Doch nach einigen Minuten angstvoller Erwartung rief einer der Industriellen erfreut:

»Sie bewegt sich! sie bewegt sich!«

Und als die Mauer endlich nachgab und unter fürchterlichem Getöse eine ungeheure Staubwolke aufwirbelnd zusammenbrach, blickten die Herren einander lächelnd an. Sie waren entzückt. Ihre Ueberröcke bedeckten sich mit einem feinen Staube, der ihnen Arme und Schultern weiß färbte.

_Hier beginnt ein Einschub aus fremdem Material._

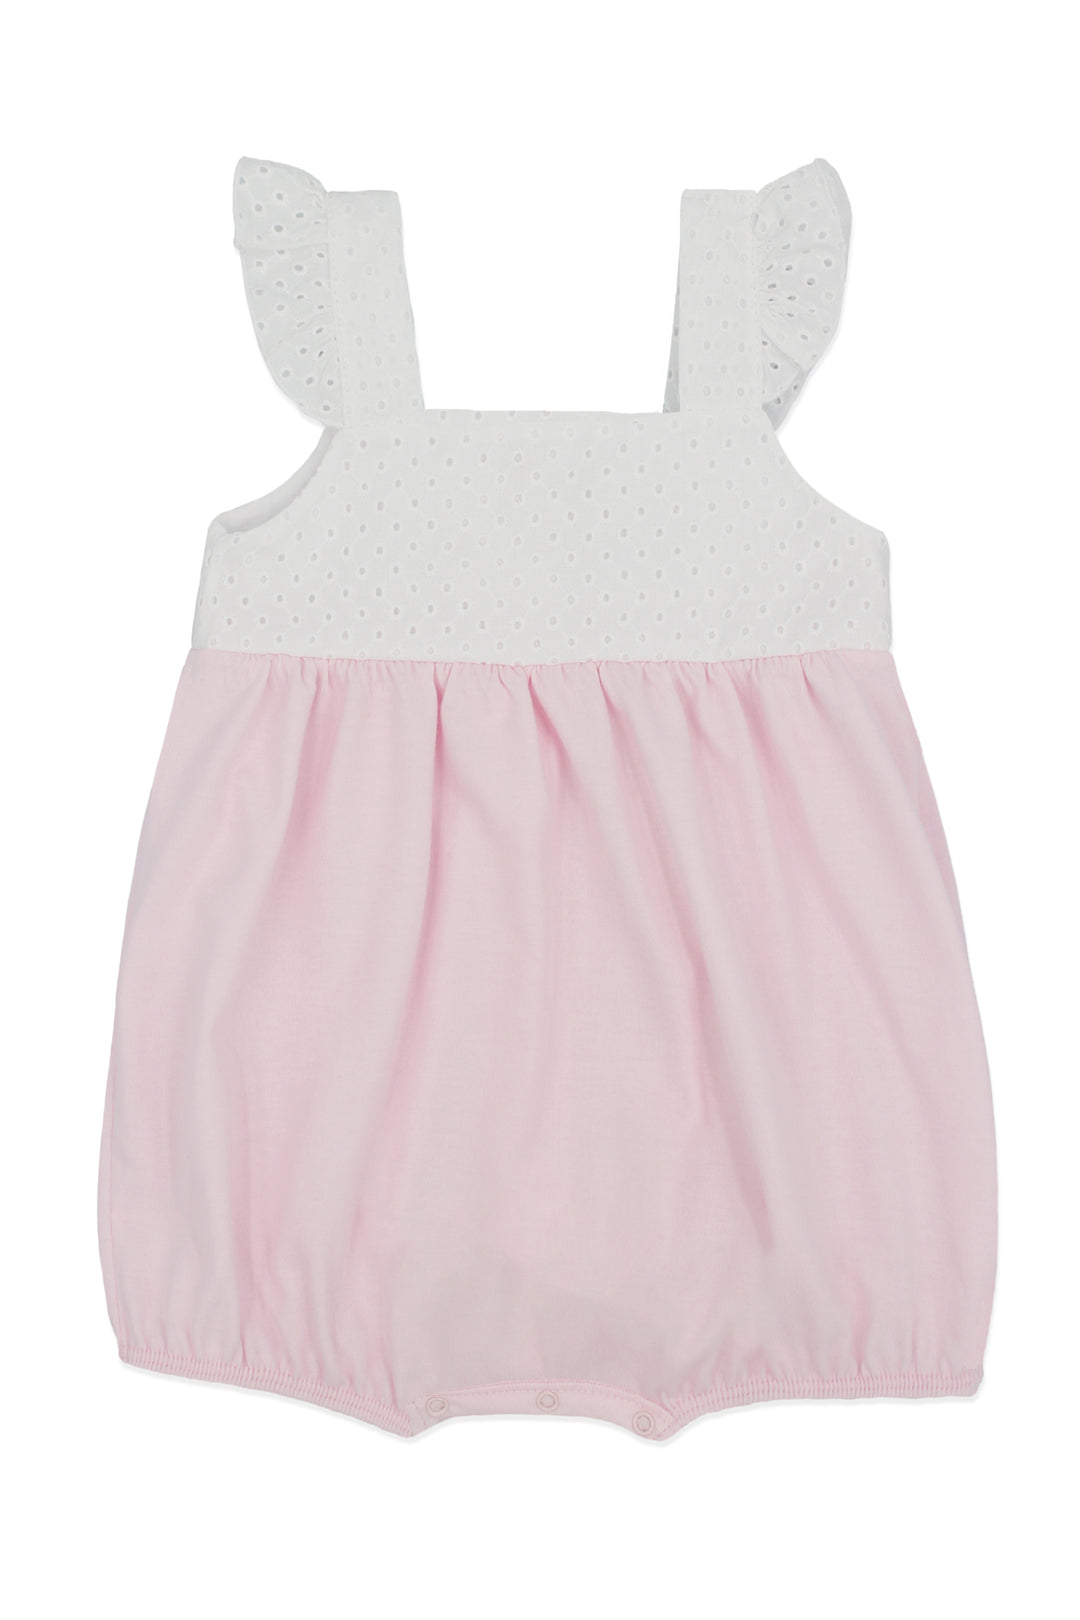 Rapife PREORDER "Sienna" Pink Broderie Anglaise Romper | Millie and John

Als sie jetzt ihren Gang zwischen den Trümmern fortsetzten, sprachen sie von den Arbeitern. Sie ließen nicht viel Gutes an denselben. Ihrer Ansicht nach waren das lauter Tagediebe, Vielfraße und derlei Dickköpfe, die nur dahin strebten, ihre Brodherren zu Grunde zu richten. Herr von Mareuil, der seit einigen Minuten mit einem geheimen Schauer zwei arme Teufel beobachtete, die an einer Dachecke hängend, eine gegenüberliegende Wand mit ihren Spitzhacken angriffen, wagte die Bemerkung, daß diese Leute doch einen bewunderungswürdigen Muth besäßen. Nun blieben auch die Uebrigen stehen und beobachteten die gleichsam in der Luft hängenden Arbeiter, die vornüber gebeugt, ihre Geräthe mit voller Wucht niedersausen ließen. Die losgelösten Steine stießen sie mit den Füßen hinunter und sahen dieselben in aller Gemüthsruhe in der Tiefe zerschellen. Wenn die Spitzhacke fehlgegangen wäre, so hätte der bloße Schwung ihrer Arme hingereicht, um sie in die Tiefe zu reißen.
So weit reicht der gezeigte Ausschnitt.